This realm of online social media, where people open their private thoughts to the public, is complex. It would seem to be the ideal place for unprecedented numbers of people to come together for mass discussion and to find common ground.

Unfortunately, social media is not usually well-disposed toward debate or collaboration, for a number of reasons. Much of what is said on social media is highly polarized. Trendy causes arise and people endorse them blindly. Online comments are easy to misinterpret, and it’s easier both to offend and to take offense when you aren’t face-to-face with any particular person.

It’s also easy to get too comfortable on social media, since there you feel like you’re in control of that space. Writing a comment on Facebook or Twitter can feel a lot like writing in your diary. But the reality is that it’s not for your eyes only, or for you and a few trusted friends; it’s an incredibly public space.

For you and a few trusted friends.  This is the first part of the problem with social media communications.  “Friends.”  According to one source, the average Facebook user now has about 338 friends, though the median number is closer to 200.[ii] However, 15 percent of users have friend lists topping 500.[iii]  These expansive friend lists exist in spite of research which suggests that “there is a cognitive constraint on the size of social networks that even the communication advantages of online media are unable to overcome.”[iv]  In other words: our brains can’t handle too many friends.  Experts vary on the maximum number of true friends we are able to maintain, but it seems much closer to five.  This convergence of intimacy and overexposure has played out before our eyes in the days following Tuesday’s election, through an explosion of uncivil discourse, followed by reported unfriending and blocking of extended networks on social media.[v],[vi],[vii]

The BSM sphere has grown beyond facebook, but facebook remains the behemoth, by far.[viii]  Interestingly, we are addicted to facebook not so we can spew vicious attacks on one another, but because it taps into the brain’s reward center, called the nucleus accumbens, which is responsible for processing rewarding feelings about things like food, sex, money and social acceptance.[ix]

Most of the time, facebook succeeds in connecting us with the reward center.  Earlier this week, I laughed hysterically when I clicked on “The Funniest Dog Snapchats Ever[x] from my facebook feed.  I spend a lot of time on the metro….so, it’s the little things.
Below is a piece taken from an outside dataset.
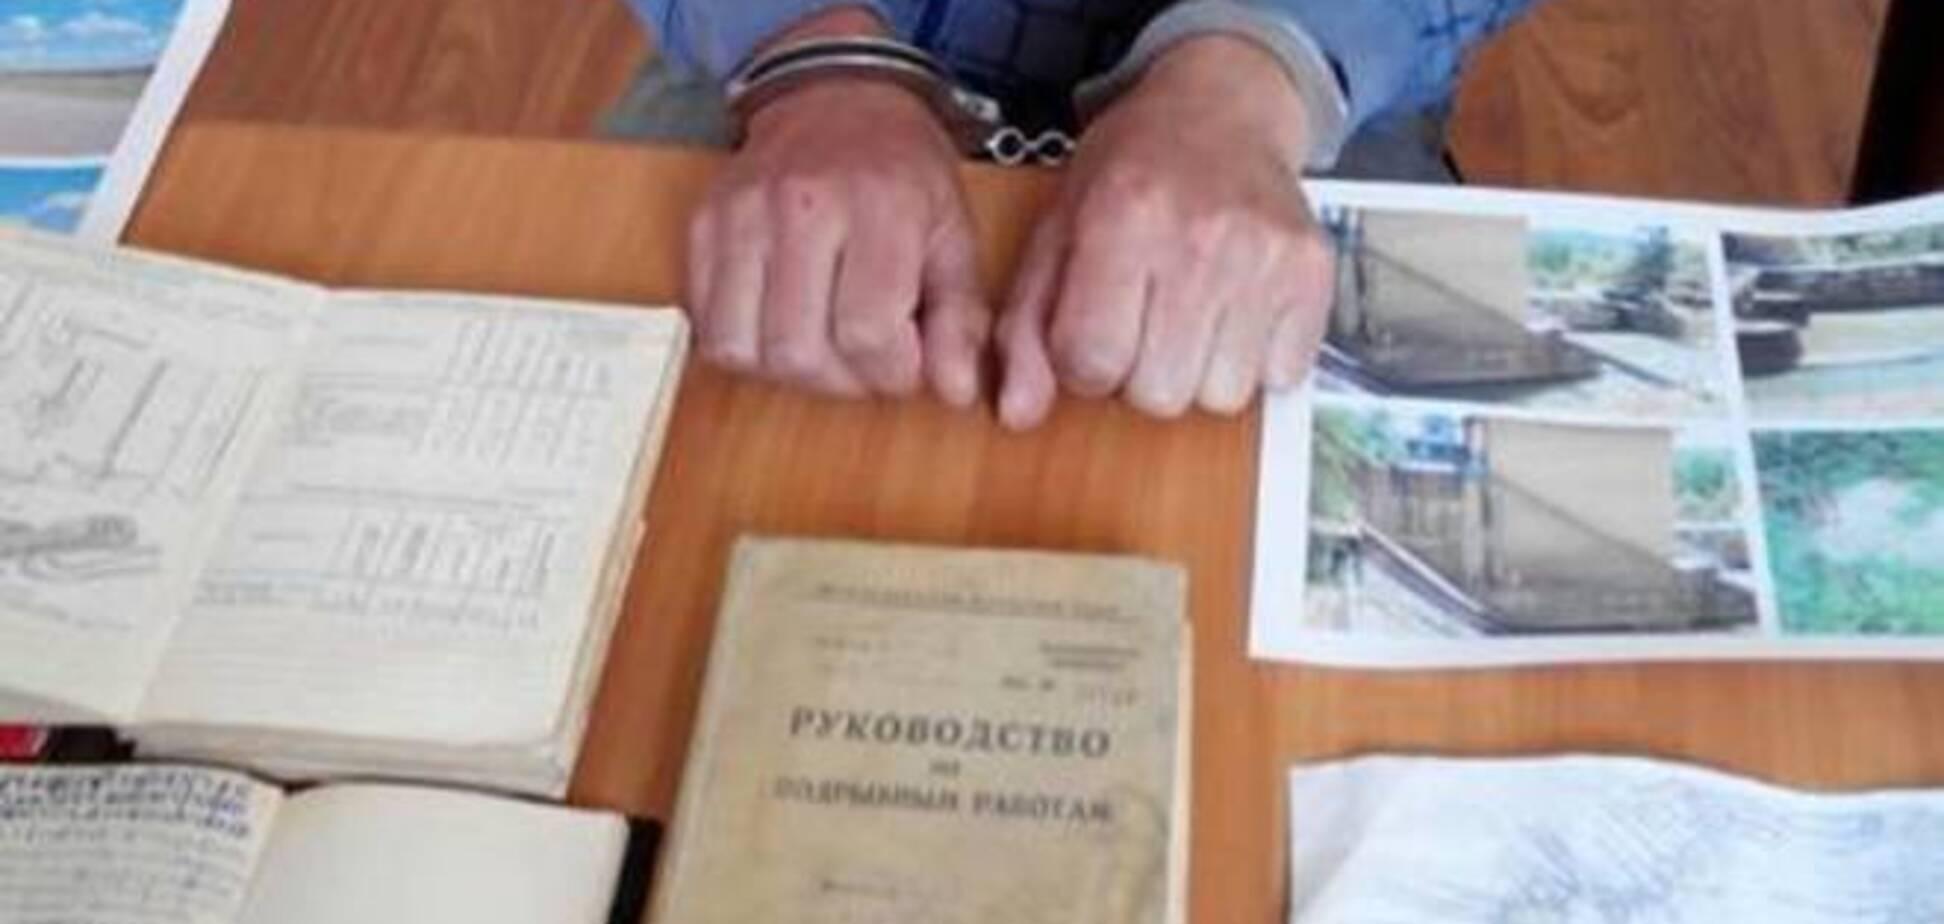 Задержан диверсант, готовящий взрывы в аэропорту 'Ужгород'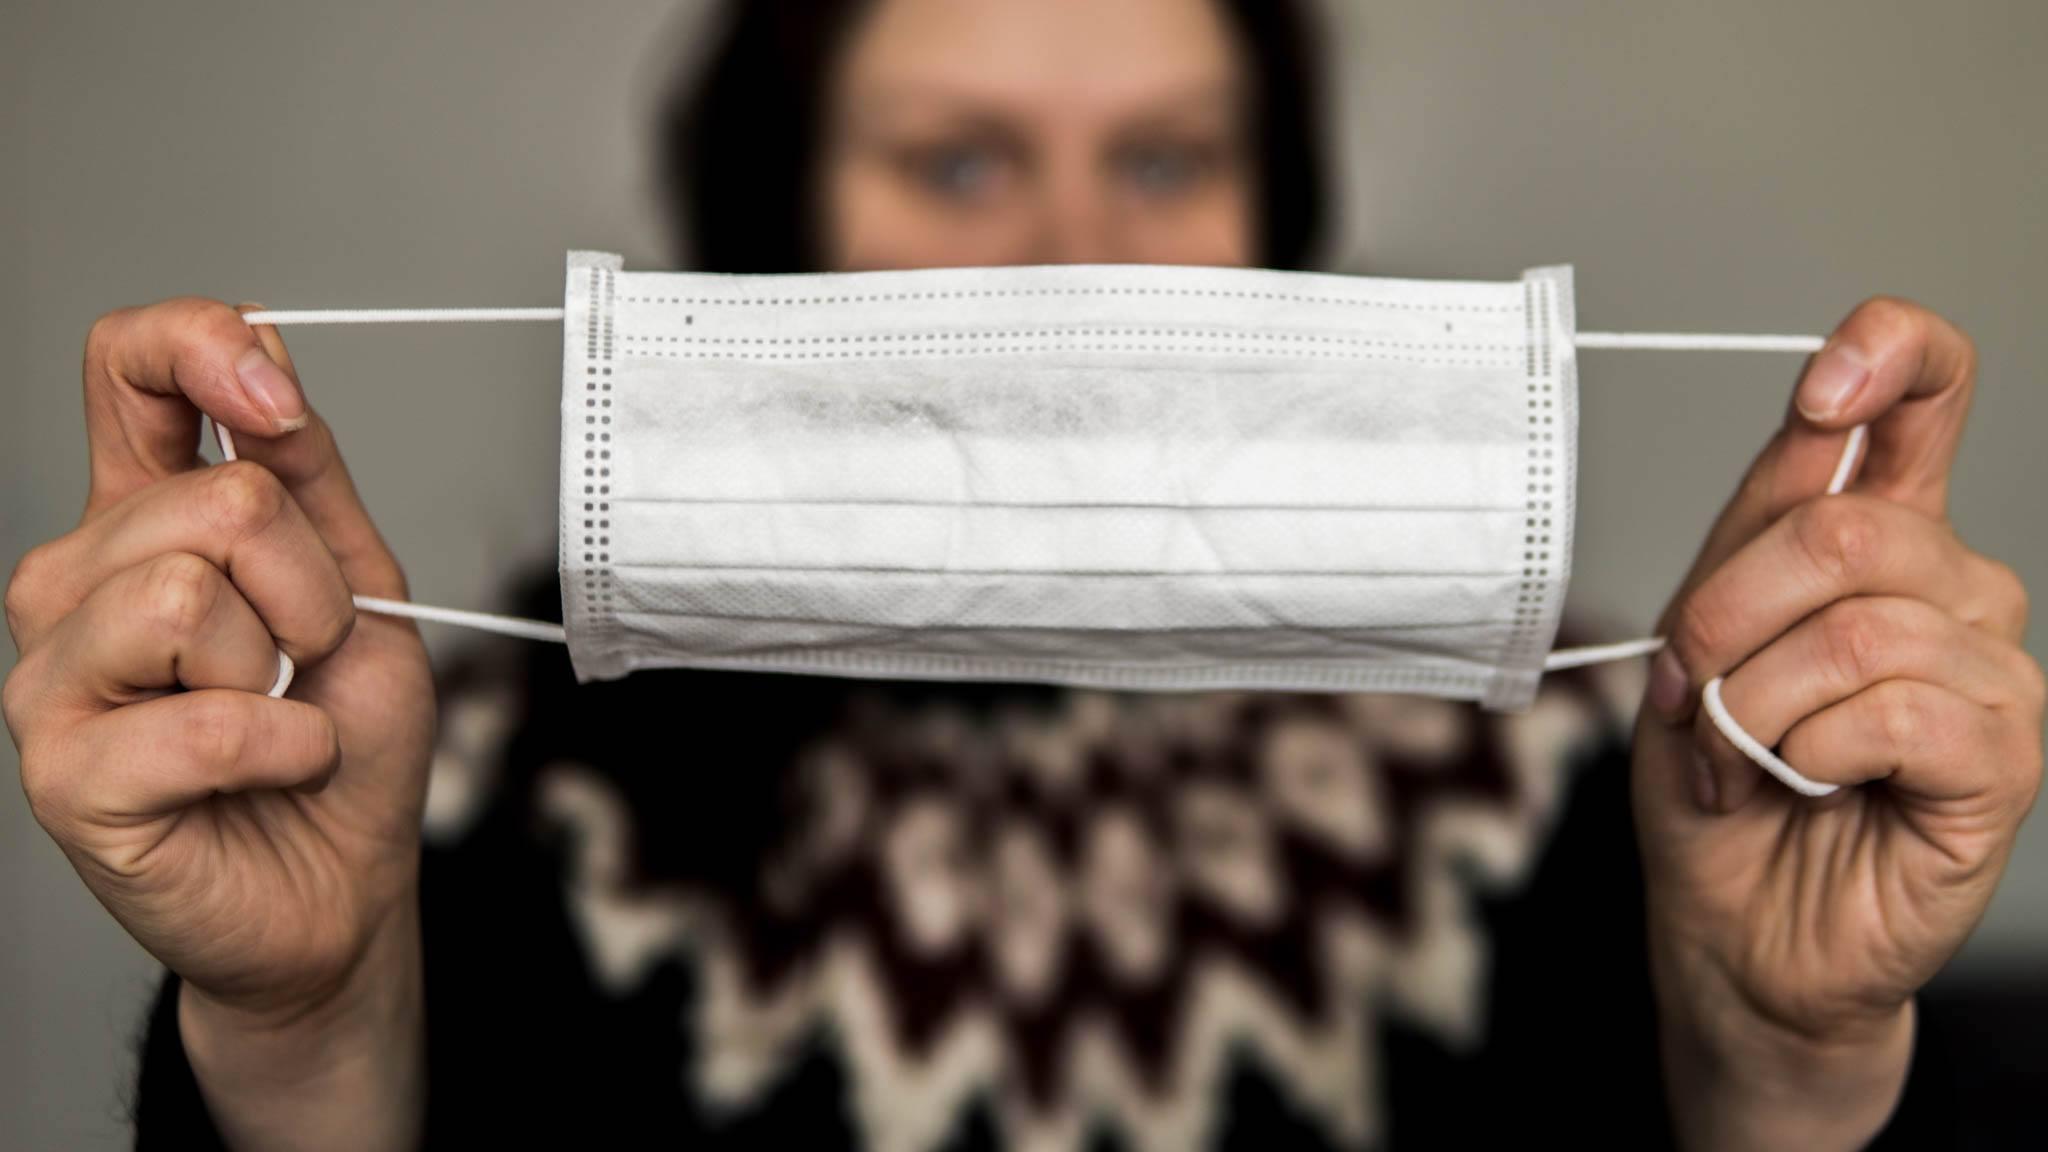 Życie w czasach koronawirusa: pandemia wirusa SARS-CoV-2, a turystyka na Islandii

But, every four years, facebook users collectively lose their minds.  While this isn’t unique to 2016, many would agree this year has been particularly bad.  In the off years, we mostly don’t notice our expanded friend lists.  We go on about our business, posting about our vacations, food, our kids, dogs, etc.  We “like” the same exclamations from our “friends.”  Then, all of the sudden, that person you met at a wedding five years ago, who’s posts you rarely see, is blowing up your feed with political rhetoric, and you realize you fundamentally disagree with this person.  But, here’s where it gets tricky.  You may have a childhood friend who shares the same (opposing) views as your wedding acquaintance, but you love your childhood friend.  By contrast, if not for the nature of facebook itself, you may not recognize your wedding acquaintance if you passed him/her on the street.  And, it begins.  The need to clarify that you are not a racist!  The need to explain that there really were no good candidates.  The need to assert that your reasons or justifications defy blanket judgements.  Three comments exchanged, a few “likes,” and a red-faced emoticon later, your friend list is one “friend” lighter.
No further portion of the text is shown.